- _WORK ORDER_
Set down each line of the material that follows exactly, and leave its pictures out.

- _DATA BELOW_
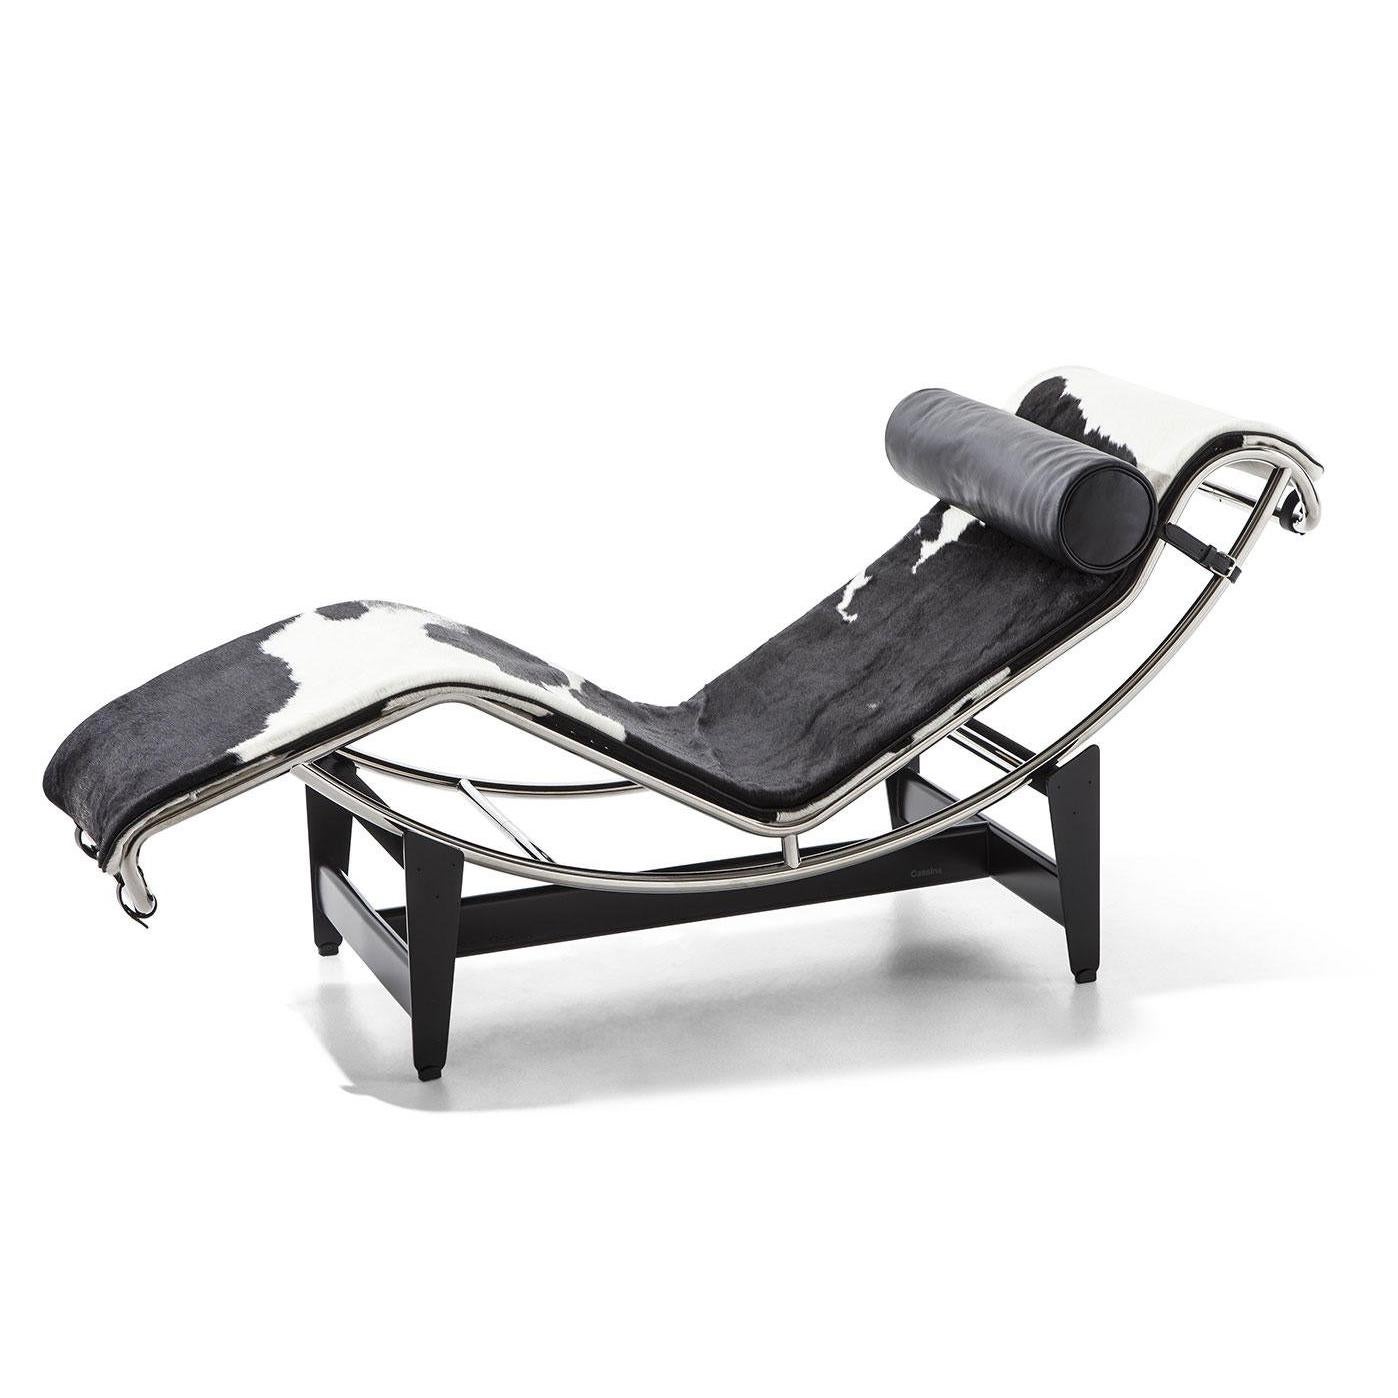 Chaise longue conçue par Le Corbusier, Pierre Jeanneret, Charlotte Perriand en 1928.
Fabriqué par Cassina en Italie.

Chaise longue avec structure réglable en acier chromé trivalent poli (CR3). Base en acier émaillé noir.

Conçue en 1928, cette

- _ANSWER TO THE PROBLEM_
 Chaise longue conçue par Le Corbusier, Pierre Jeanneret, Charlotte Perriand en 1928.
Fabriqué par Cassina en Italie.

Chaise longue avec structure réglable en acier chromé trivalent poli (CR3). Base en acier émaillé noir.

Conçue en 1928, cette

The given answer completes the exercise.